As a Data Engineer with expertise in Databricks, you will be responsible for designing, building, and maintaining scalable data pipelines and infrastructure in the cloud. You will play a key role in enabling data analytics, machine learning, and data-driven decision-making processes by leveraging the full potential of Databricks and its integration with big data technologies.
Key Responsibilities:
- Data Pipeline Development: Design, develop, and optimize robust ETL pipelines using Databricks and Apache Spark for processing large-scale datasets. Ensure data pipelines are scalable, efficient, and capable of handling both batch and streaming data
- Databricks Platform Expertise: Leverage the Databricks platform to perform data transformations, data integration, and advanced analytics. Use Databricks notebooks for building reusable data pipelines, automating workflows, and ensuring data quality
- Cloud Data Engineering: Build, deploy, and manage data infrastructure on cloud platforms (e.g., Azure, AWS, GCP) using Databricks and other cloud-native tools. Work with Delta Lake and data lakehouse architectures to enable reliable and real-time data analytics
- Data Modeling & Optimization: Develop and maintain data models that optimize query performance and support analytics use cases. Implement data partitioning, indexing, and caching strategies in Databricks to improve performance and reduce costs
- Collaboration with Data Teams: Collaborate with Data Scientists, Data Analysts, and other stakeholders to understand business requirements and translate them into scalable data solutions. Ensure data is easily accessible for analytics and reporting
- Big Data Processing: Implement and maintain big data pipelines using Apache Spark on Databricks, focusing on high-performance processing of large datasets. This includes batch processing, real-time streaming, and machine learning workflows
- Automation & Orchestration: Build automated data workflows using tools like Airflow or cloud-native orchestrators. Ensure data workflows are resilient, monitor performance, and handle failure gracefully
- Data Governance & Security: Ensure all data solutions adhere to organizational data governance and security standards. Implement role-based access controls, data masking, and encryption in Databricks to maintain data privacy and security
- Performance Tuning: Continuously monitor and optimize data pipeline performance. Utilize Databricks features such as auto-scaling, caching, and cluster management to ensure optimal cost-efficiency and performance
- Documentation & Best Practices: Develop and maintain comprehensive documentation for data pipelines, models, and architecture. Promote best practices in data engineering and drive continuous improvements in processes and technology
Qualifications:
- Bachelor’s or Master’s degree in Computer Science, Data Engineering, or related field
- Proven experience as a Data Engineer, with a focus on building data pipelines and solutions using Databricks
- Strong knowledge of Apache Spark and experience in optimizing Spark jobs
- Proficiency with cloud platforms such as Azure, AWS, or Google Cloud, and familiarity with Delta Lake or data lakehouse architectures
- Experience with data modeling, performance tuning, and SQL
- Hands-on experience with Python or Scala for data processing and workflow automation
- Familiarity with data orchestration tools such as Airflow, Databricks Workflows, or similar
- Knowledge of data governance, security, and compliance best practices in the cloud
- Experience with CI/CD pipelines and DevOps for data engineering
Only shortlisted candidates will be contacted by KPMG Talent Acquisition team, personal data collected will be used for recruitment purposes only.

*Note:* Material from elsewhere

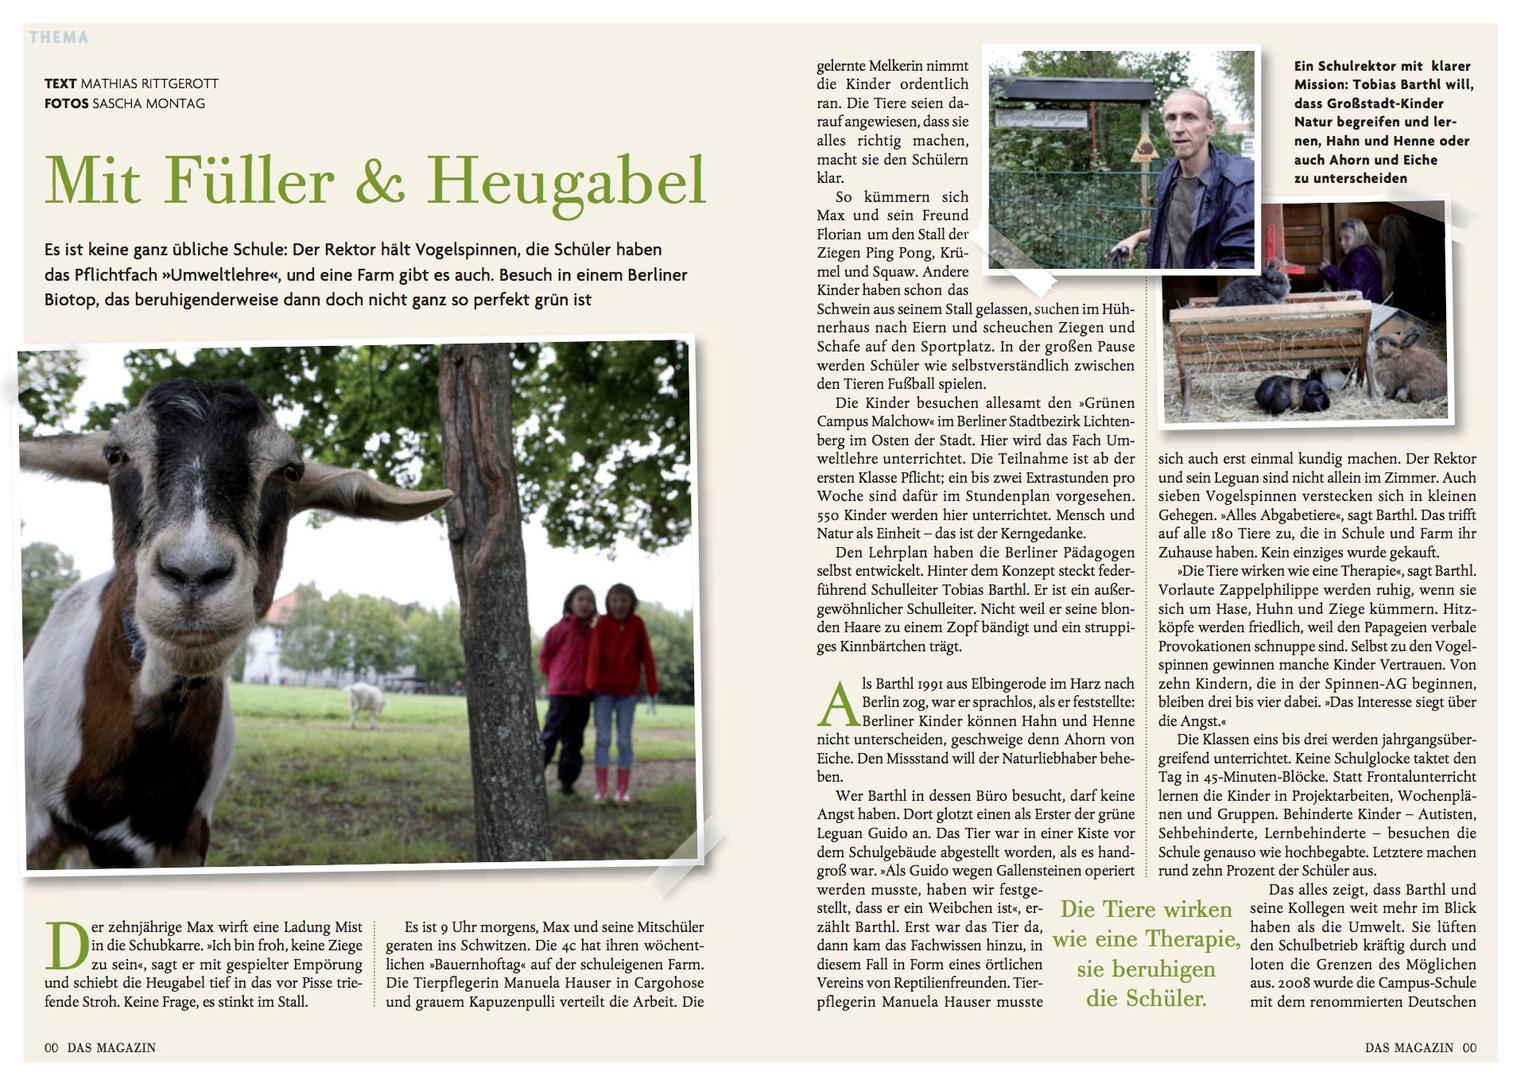 Das Magazin 03.2012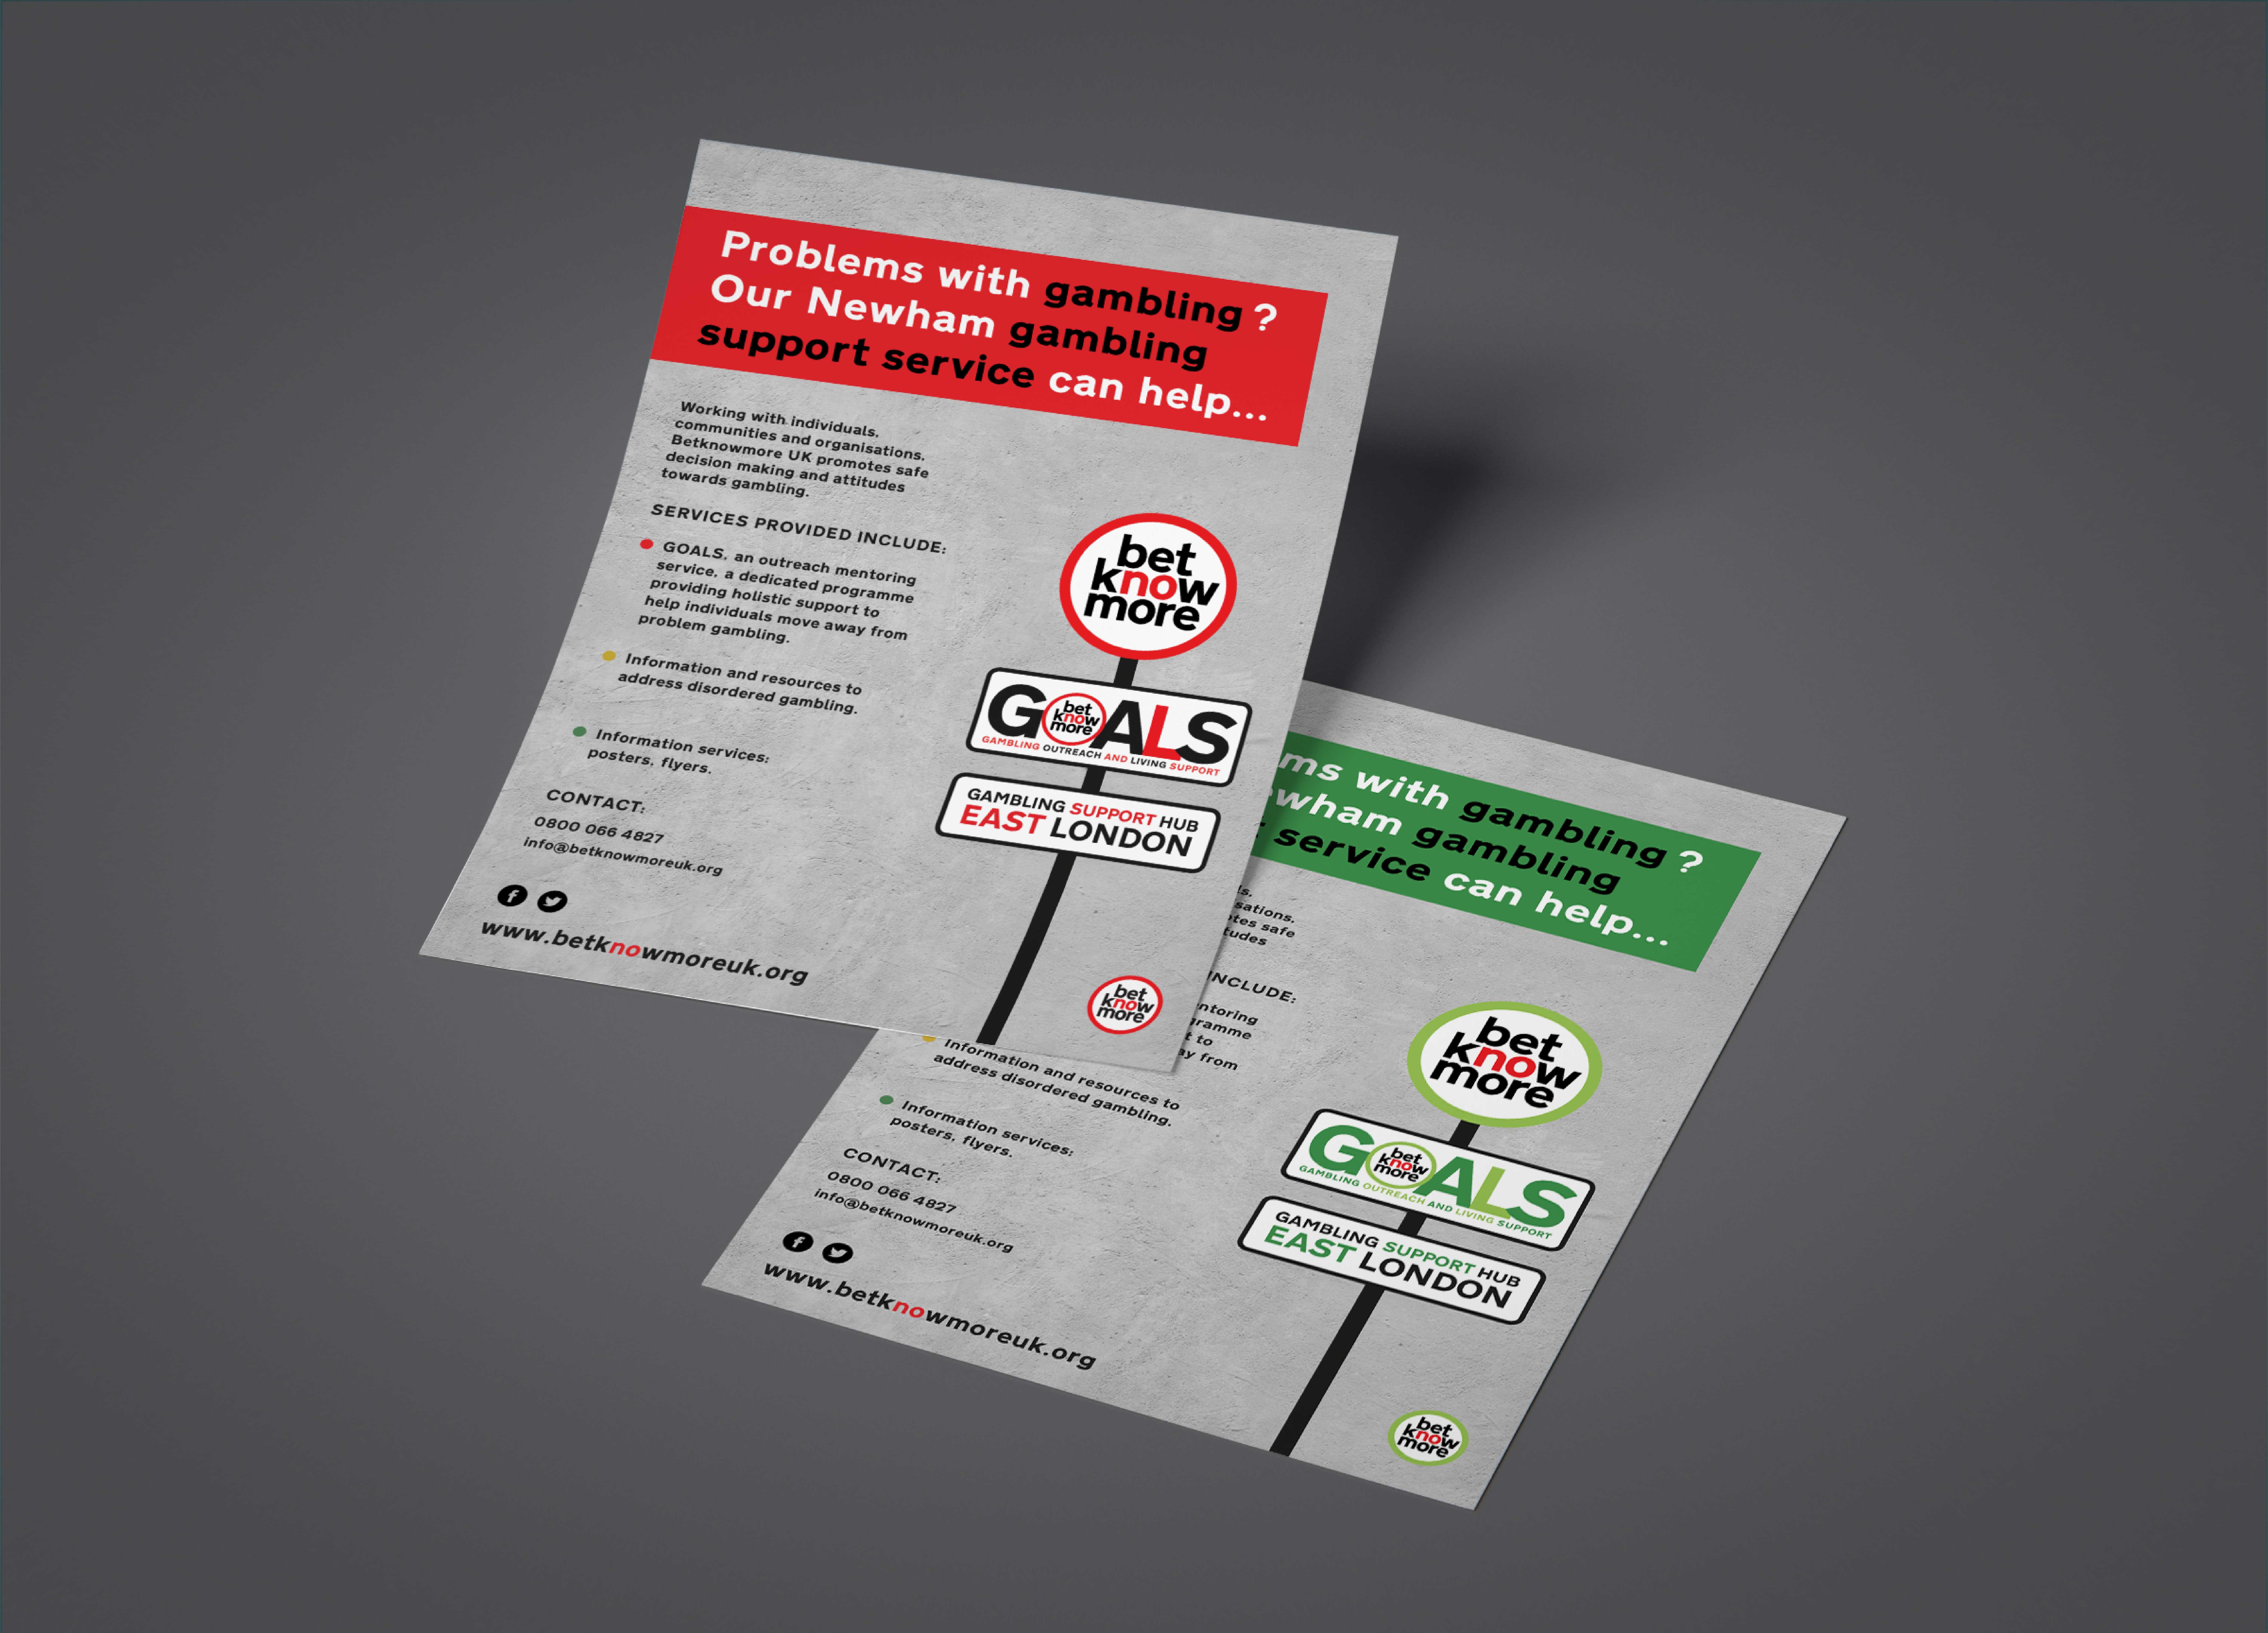 betknowmore leaflets

At KPMG in Singapore we are committed to creating a diverse and inclusive workplace. We believe that diversity of thought, background and experience strengthens relationships and delivers meaningful benefits to our people, our clients and communities. As an equal opportunity employer, all qualified applicants will receive consideration for employment regardless of age, race, gender identity or expression, colour, marital status, religion, sexual orientation, disability, or other non-merit factors. We celebrate the different talents that our people bring and support every staff member in their journey to achieve personal and professional growth. One of the ways we do this is through Take Charge: Flexi-work, our flexible working framework which enables agile and innovative teams to help deliver our business goals.